Если бы не пастухи крестной Марфы Хантазейской, то помереть бы Креню возле кипящей Куртяйки, околеть бы, как последней падали: расклевало бы воронье, растащили бы лисы, а по весне лесным паводком стянуло бы кости в набухшую реку, да и засосало бы под бережину. А Марфа подняла крестника, поставила на ноги, продлила его жизнь. Была она жилиста, худа, темна, на голове черный повойник по русскому обычаю низко повязан по-над бровями, куда она прятала две жесткие смоляные косички. Нрав крутой, неразговорчивый, хватка мужицкая, да и вдовья Марфина жизнь и Марфины несчетные стада требовали характера. На двести верст ни одного чума, никто не перечил Марфе, не решался переступить ее троп, под самый город гоняла вдова своих оленей, чтобы ловчее сбыть; а по бескрайним болотам, на редких чахлых островках посреди топей, куда не пробраться и самому лихому человеку, не зная тропы, стояли ее провиантские склады с хлебом, сахаром и прочим товаром, не боящимся гнили. На много лет запаслась Марфа харчем, на долгие годы обезопасила себя от лихолетий, никакие смуты и перемены в мире не волновали ее и никак не отражались на ее устоявшейся жизни. Уже позже, когда приклонился Крень к чуму крестной и стал за третьего сына, показала Марфа и тайные лабазы свои, ставленные еще отцом, быть может, лет полста тому назад и по самую крышу забитые сухими лосиными шкурами. Знать, огромное лосевое стадо извел род Хантазейских. До двух сотен кож было в каждом складе, которые и сгнили уже, выпрели, вытлели, их выели моль и червь, да и сами-то лабазы похилило дождями и ветрами, и они едва доживали свое. А вот поди ты: жалко было Марфе расставаться с добром, ей сладко было лишь появиться однажды на оленях, навестить свое хозяйство, глянуть на него, да тем и утешиться. И уехать прочь, не зная, когда вновь приведет сюда тропа.

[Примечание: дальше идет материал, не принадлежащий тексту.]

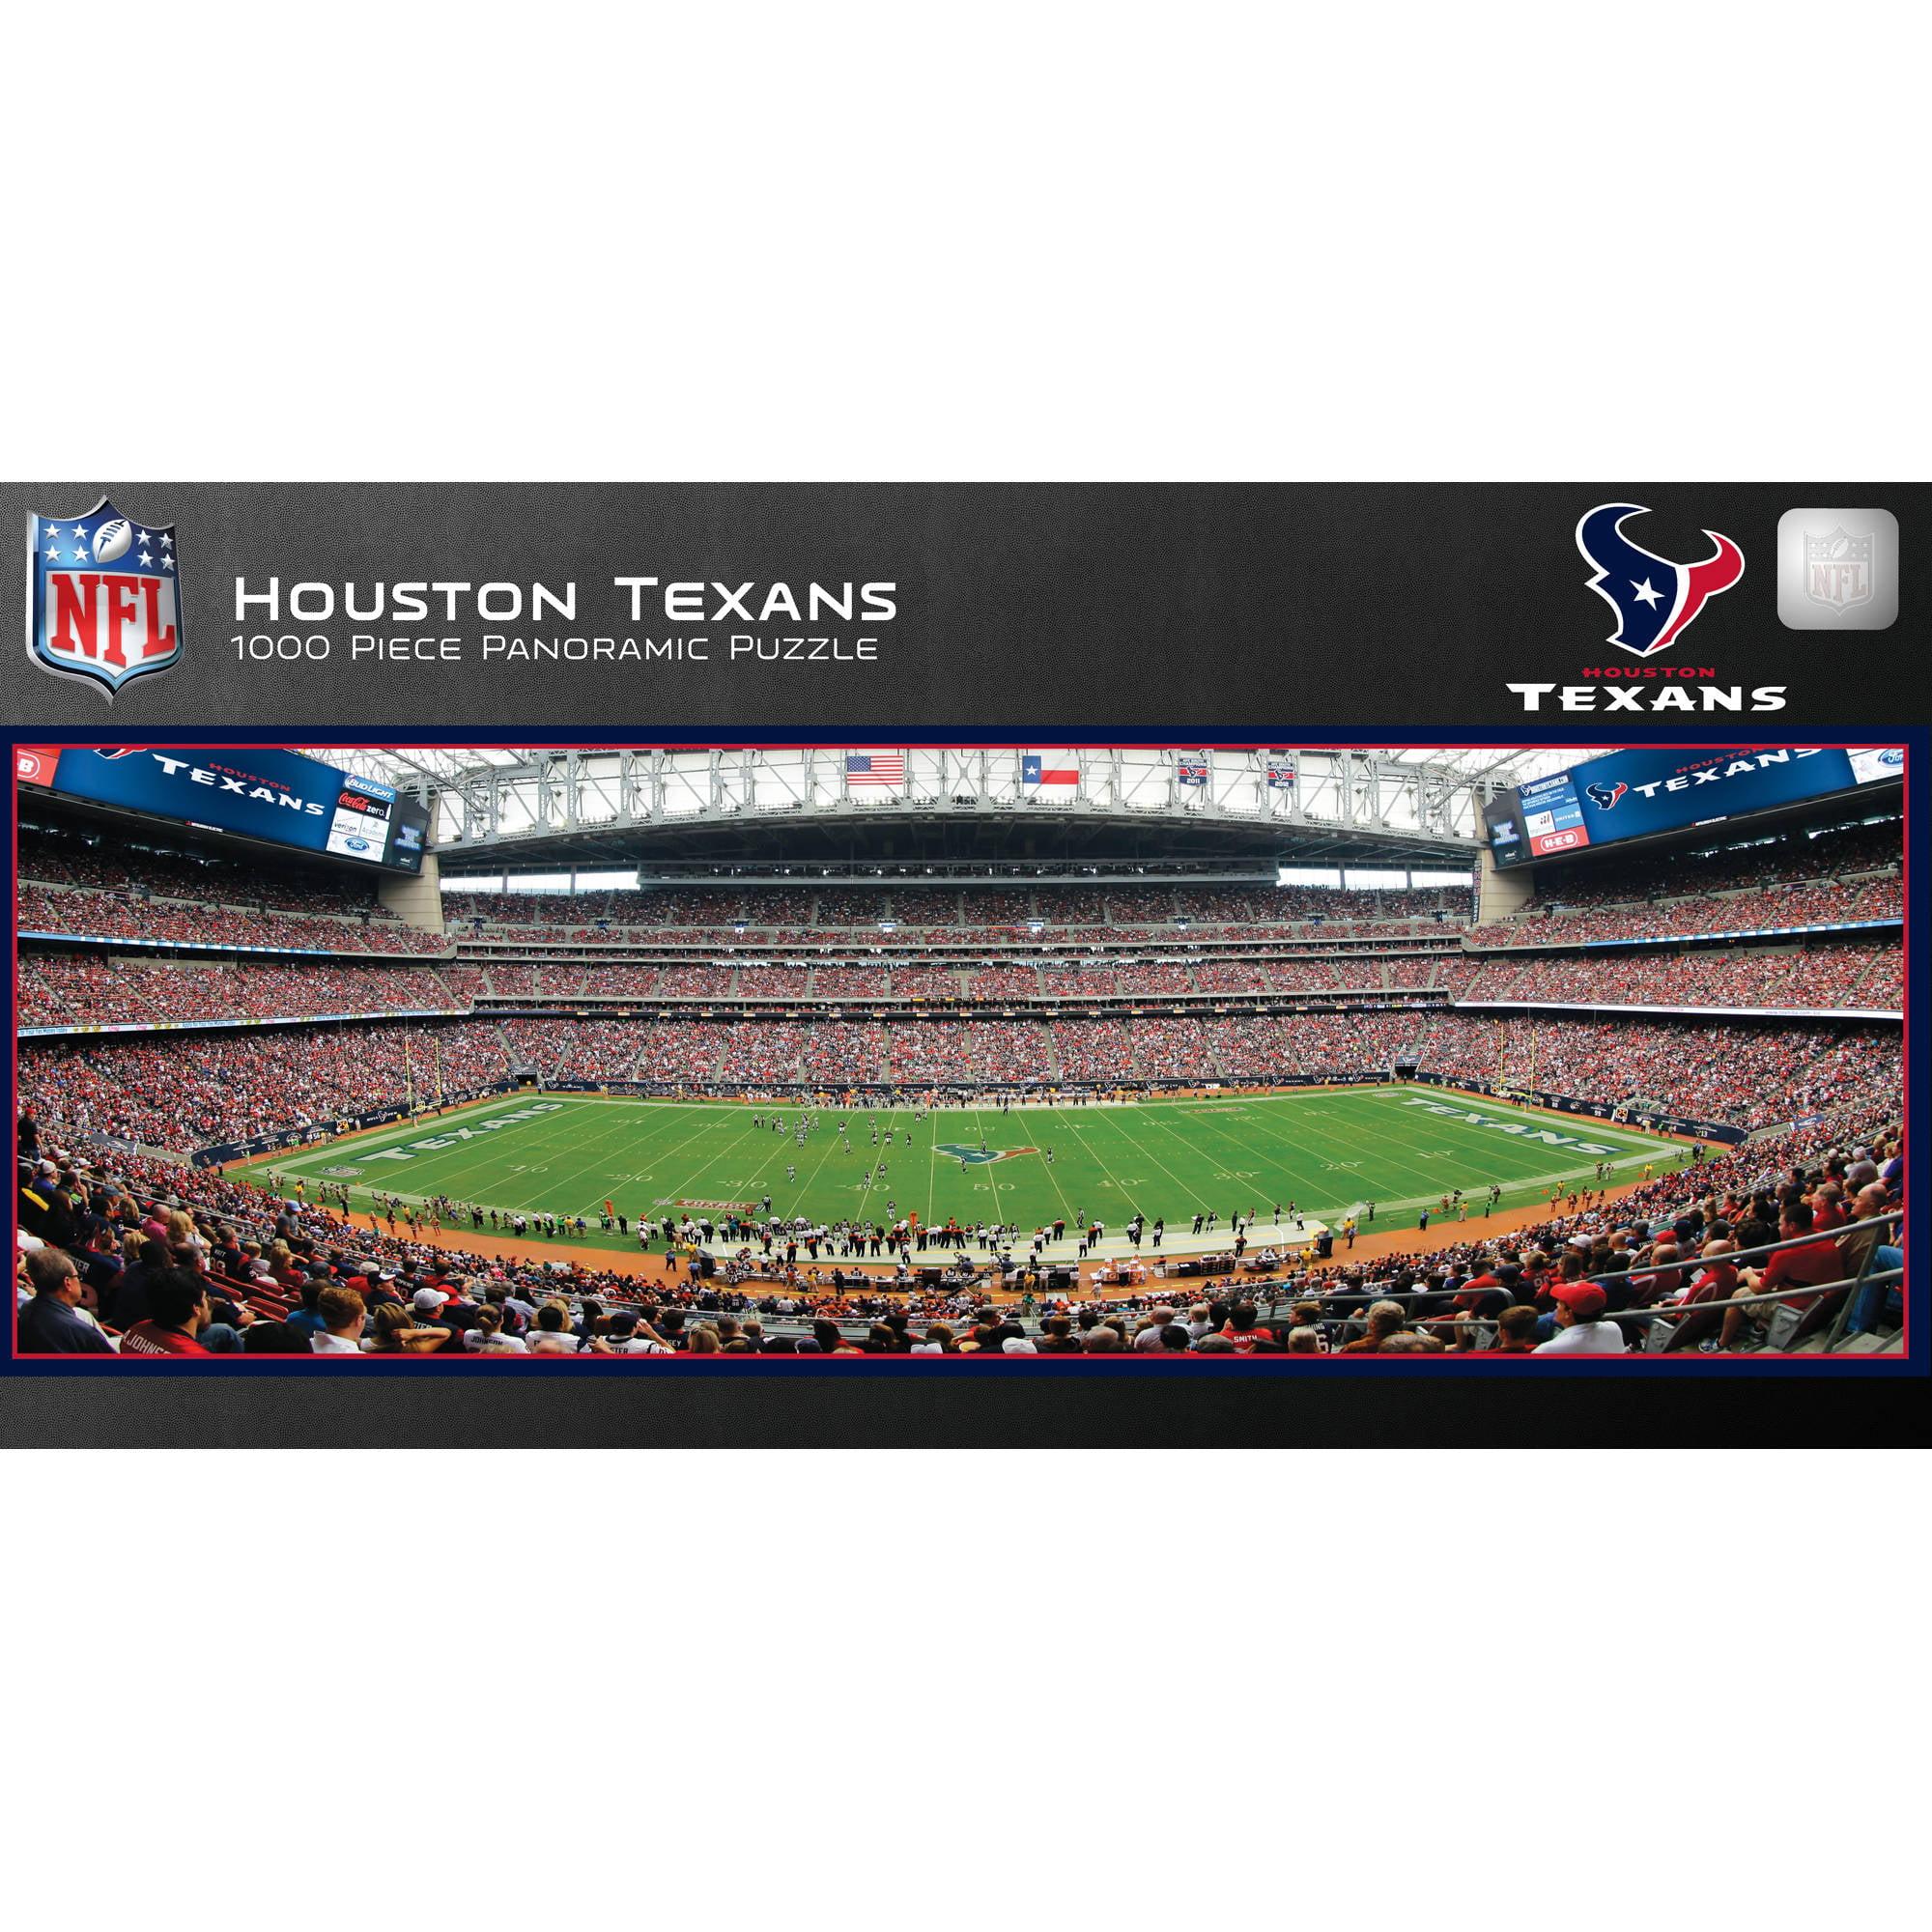 Master Pieces Houston Texans Panoramic Stadium Puzzle, 1,000 Pieces by Generic

Когда крестили Мишку Креня, подарила Марфа на день памятный белую важенку с рыжей звездой на лбу, но оставила олениху в своем стаде. Через несколько лет приезжает и говорит, дескать, от важенки твоей родилась важенка, а от них еще две. И вот теперь, когда по воле случая оказался Мишка в чуме крестной, повела она его в стадо свое, колышущее, как море, окруженное злыми беспощадными собаками, и в этом ивовом море легко нашла Креневых оленей с метками в ухе. Их оказалось уже двадцать. Крень смотрел в ветвистую подвижную чашу, в мешанину оленьих рогатых голов и ничего не мог разглядеть, но с усмешкою в душе утешился тем, что провидение не оставило его в полной нищете и вдруг послало в его житье двадцать оленей. Позднее Крень уже из города написал Марфе, дескать, продай пару моих оленей, а деньги вышли, что крестная тетка и сделала скоро, отправила сто рублей деньгами. Но на вторую просьбу, наверное через год, ответила письмом, что его оленей задрали волки и пусть крестник больше не докучает просьбами, ибо помочь она ничем не сможет.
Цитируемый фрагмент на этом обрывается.